3.2 Outcome of Efficacy of therapies for acute ischemic stroke
Figure S2 shows the results of the network meta-analysis. According to these data, Sodium ozagrel combined with edaravone was more effective treatment for AIS than edaravone (RR 0.43, 95%CI 0.08–0.61), also was significant between efficacy of edaravone combined with Kininogenase and Sodium ozagrel (RR 4.00, 95%CI 2.47–6.24). Since the network meta-analysis technique does not pre-specify the standard, it only compares and calculates the interrelations across all agents, the referent agent can be changed to placebo. When this was done, the rank ordering of the agents according to their propensity to be associated with onset of AIS remained the same. Relative ratios did not differ between an edaravone with Sodium ozagrel (1.06, 0.80–1.36), or between an edaravone combined with Kininogenase and Sodium ozagrel combined with edaravone (1.63, 0.97–2.66) ( Table 1 ). Figure S3 is an example of the graph yield from the five-way network meta-analysis procedure for the outcome of AIS.
Table 1. Findings of Network Meta-Analyses, Showing the OR Comparing Drugs (95% Credible Interval).
| Placebo | 3.86 | 9.60 | 4.07 | 15.33 |
| 3.18–4.61 | 7.04–13.06 | 3.30–5.01 | 10.03–23.05 | |
| 1.238 | Sodium ozagrel | 2.4888 | 1.0633 | 4.00 |
| 1.213–1.264 | 1.90–3.19 | 0.80–1.36 | 2.47–6.24 | |
| 0.83 | 0.832 | Sodium ozagrel and edaravone | 0.43 | 1.633 |
| 0.79–0.88 | 0.80–0.87 | 0.30–0.61 | 0.97–2.66 | |
| 0.73 | —— | —— | Edaravone | 3.77 |
| 0.70–0.76 | 2.58–5.44 | |||
| 0.76 | —— | —— | 0.77 | Edaravone and Kininogenase |
| 0.65–0.90 | 0.72–0.82 |
Comparisons between drugs should be read from left to right, and the estimate is in the cell in common between the column-defining treatment and the row-defining treatment. For both outcomes, ORs <1 favor the column-defining treatment. To obtain ORs for comparisons in the opposite direction, reciprocals should be taken. OR indicates odds ratio.
3.3 Outcome of the defect of neurological function
Placebo had significant differences in treating the defect of neurological function compared with Sodium ozagrel (WMD = −3.11, 95%CI −4.43 to −1.79), Sodium ozagrel combined with edaravone (WMD = −6.25, 95%CI −7.96 to −4.54) and Edaravone combined with Kininogenase (WMD = −3.47, 95%CI −5.73 to −1.21). (Figure S4)
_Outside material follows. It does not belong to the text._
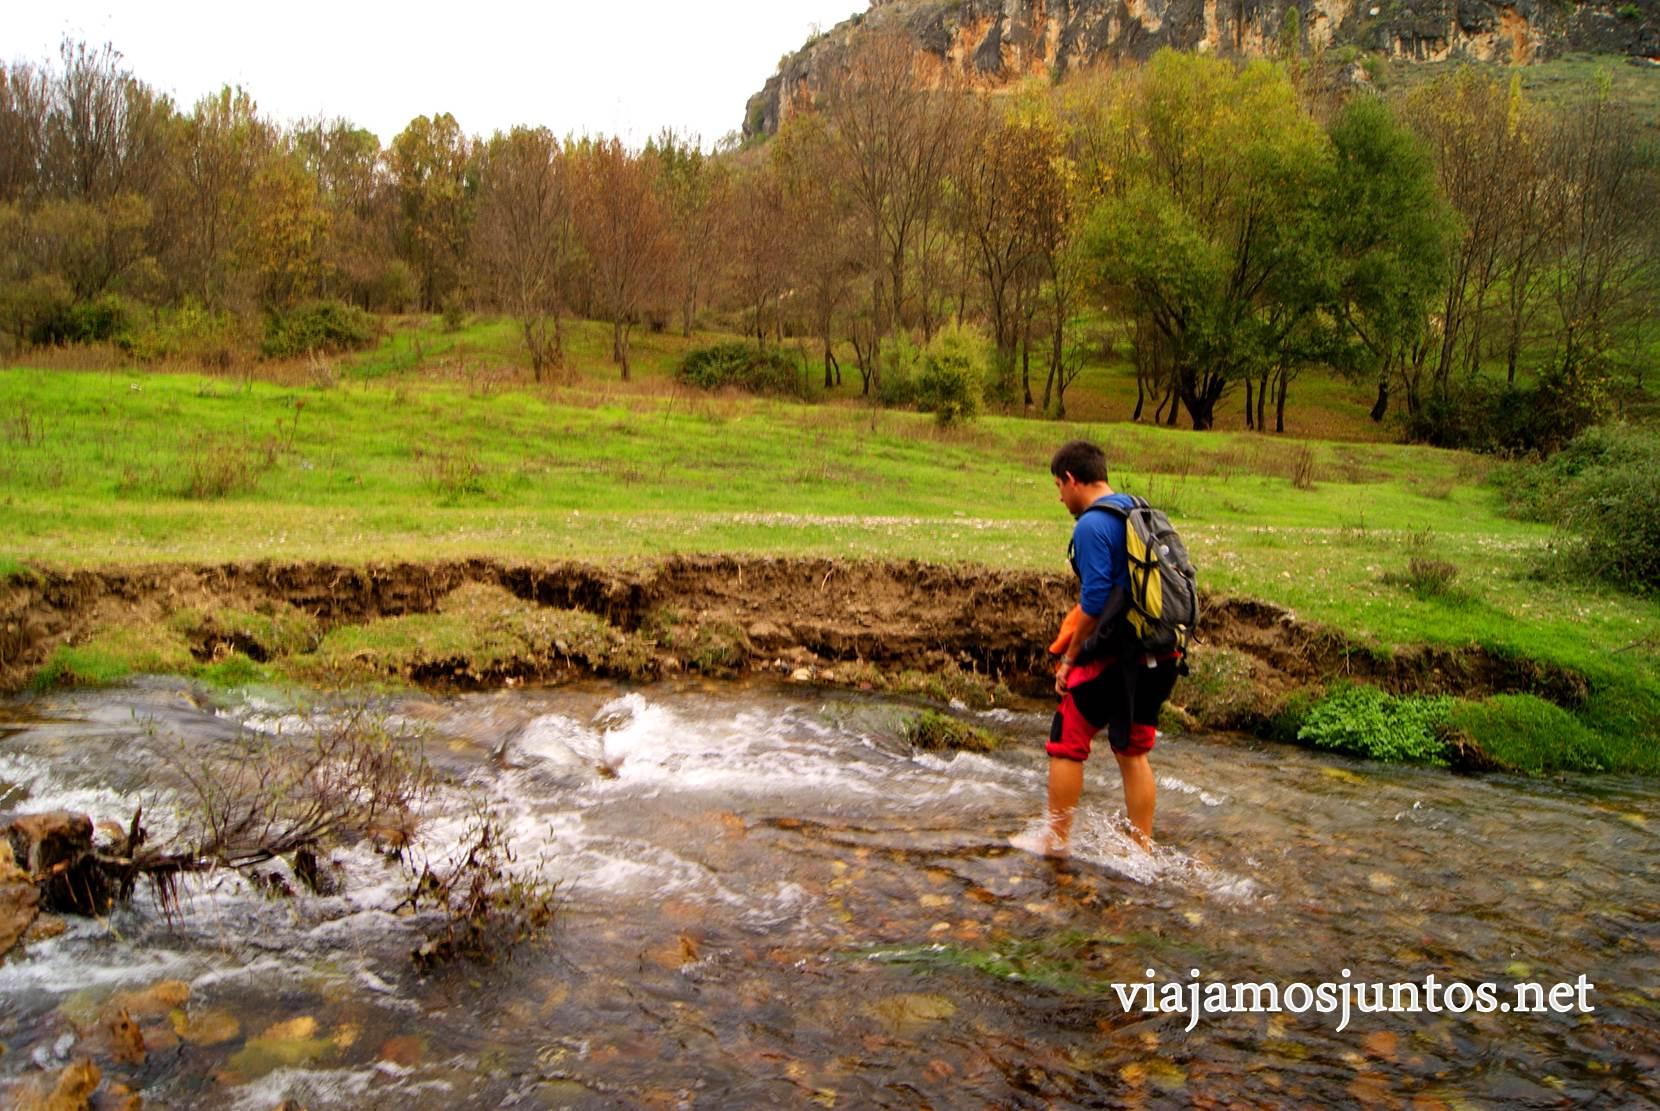 Ruta a las Cárcavas, Patones, Madrid; senderismo por sitios singulares de la Comunidad de Madrid; vadear ríos

Research indicated reporting quality of studies varied. (Table S2) All of studies reported how randomization sequence was generated in their primary publication. Eleven studies reported on how allocation to groups was concealed. Most of the studies reported on loss-to-follow up and only four studies reported that the primary results were based on a per-protocol analysis rather than intent to treat. Fifty-three studies reported on at least one specific group being blinded in the trial, typically patients and caregivers.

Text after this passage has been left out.